WILLIAMS, J.:  In this family law action, Catherine Semken (Wife) appeals the family court’s order terminating Francis Semken’s (Husband) obligation to pay Wife alimony, awarding Husband reimbursement alimony, and requiring Wife to pay Husband’s attorney’s fees and costs.  We reverse and remand. 

FACTS

Husband and Wife divorced in 1999.  Pursuant to the final order, Husband was required to pay Wife permanent periodic alimony in the amount of $1,000 per month.  In 2005, Husband brought an action to have his alimony obligation terminated pursuant to the continued cohabitation provision of section 20-3-130(B)(1) of the South Carolina Code (Supp. 2007), claiming Wife and Thomas McGill (Boyfriend) had engaged in a romantic relationship and resided together for a period of more than ninety consecutive days.  Wife and Boyfriend did not deny the romantic relationship, but both disputed the claim of cohabitation.    

In support of Husband’s assertion, he presented evidence to show Wife rented a house owned by Boyfriend in Berkeley County, South Carolina from January 2002 through July 2005.  During this period, Boyfriend lived in separate residences in other counties in the state.  Wife and Boyfriend acknowledged they were involved in a romantic relationship during this time period, and it was likely that over the course of their three-year relationship the couple spent more than ninety non-consecutive days together in the Berkeley County residence.   

Although Wife paid Boyfriend $500 per month in rent, Wife and Boyfriend never entered into a written lease agreement.  Boyfriend’s mortgage payment on the residence during this time period ranged from $550 to $625 per month, but in exchange for the lesser rent, Wife did not have full access to the house.  Boyfriend stored some of his belongings in one of the bedrooms of the house and kept a car in the garage.   

When Wife began renting the Berkeley County residence from Boyfriend, she transferred all the utility bills into her name and made all of the payments.  Boyfriend did not pay any of Wife’s expenses or help her financially, although he would occasionally allow Wife to pay rent late or in installments.  Boyfriend continued to pay insurance on the Berkeley County residence and its contents while Wife resided there, and he never changed the status on his homeowner’s insurance policy from owner-occupied to rental-property.  Wife did not have any insurance on her belongings in the residence.

When Wife moved into the Berkeley County residence, Boyfriend moved to North Augusta due to his employment.  Boyfriend obtained a new driver’s license reflecting his North Augusta address, and he registered to vote in Aiken County, South Carolina.  However, when Boyfriend later renewed his vehicle tag, he used the Berkeley County residence address and, pursuant to the “Motor Voter” system, his voter registration was automatically reinstated in Berkeley County.    

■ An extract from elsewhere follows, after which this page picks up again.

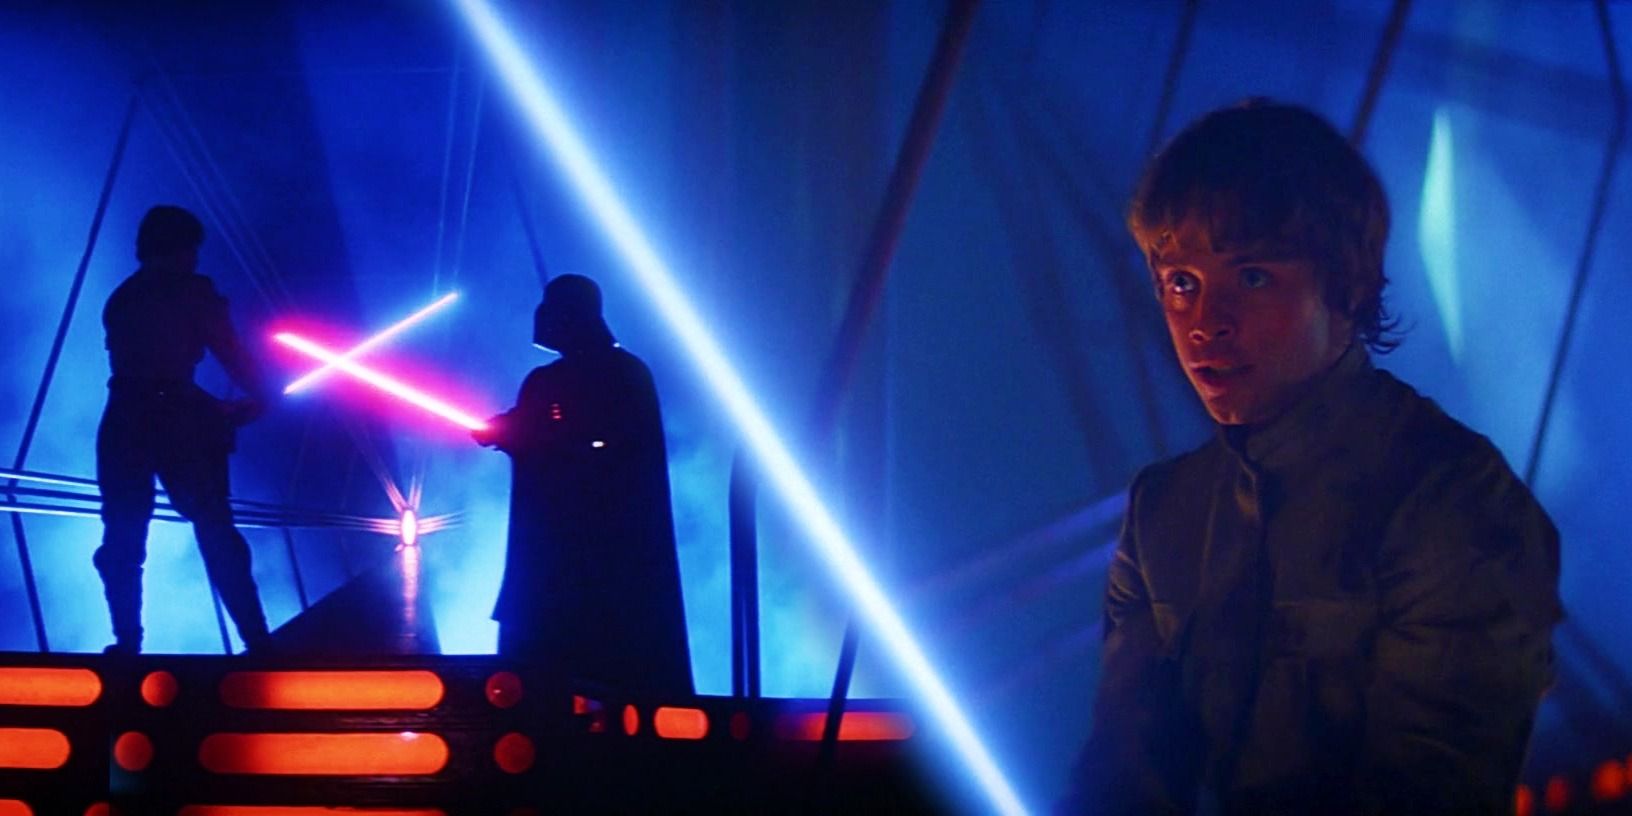 Luke and Vader fighting in The Empire Strikes Back to the left and Luke wielding his blue lightsaber to the right

After a year in North Augusta, Boyfriend moved to Newberry County and began operating a business out of this residence.  Subsequently, Boyfriend moved to Lexington County, which is where Boyfriend was living at the time he and Wife ended their romantic relationship.  Following their break-up, Boyfriend allowed Wife to stay in the Berkeley County residence rent-free for the three months prior to her moving out because she lost her job and could not afford to pay rent. 

Upon hearing the evidence, the family court found Husband had carried his burden of proof to show Wife and Boyfriend engaged in continued cohabitation for more than ninety days pursuant to § 20-3-130(B)(1).  The family court interpreted § 20-3-130(B)(1) by applying the ordinary meaning to the word “reside” and found during their romantic relationship, Boyfriend maintained two residences, one of which was the Berkeley County residence.  The family court stated, “It is clear that [Boyfriend] has not spent every night and day for [more] than 90 consecutive days with [Wife] at the Berkeley County home address but that is not what the statute requires.  The statute only requires that [Boyfriend] ‘reside’ there at the same time with [Wife].”  The family court further found despite Wife and Boyfriend not spending more than ninety consecutive days and nights under the same roof, “they both claimed the Berkeley County home as a residence at the same time, spent a considerable amount of time together, were romantically involved, and claimed the same home as a residence.”  The family court additionally stated, “It is critical to this decision to note that if [Wife] had moved into an apartment owned by someone else (or even an identified rental property owned by [Boyfriend]) rather than one of [Boyfriend’s] ‘residences,’ there would have been a different outcome.”     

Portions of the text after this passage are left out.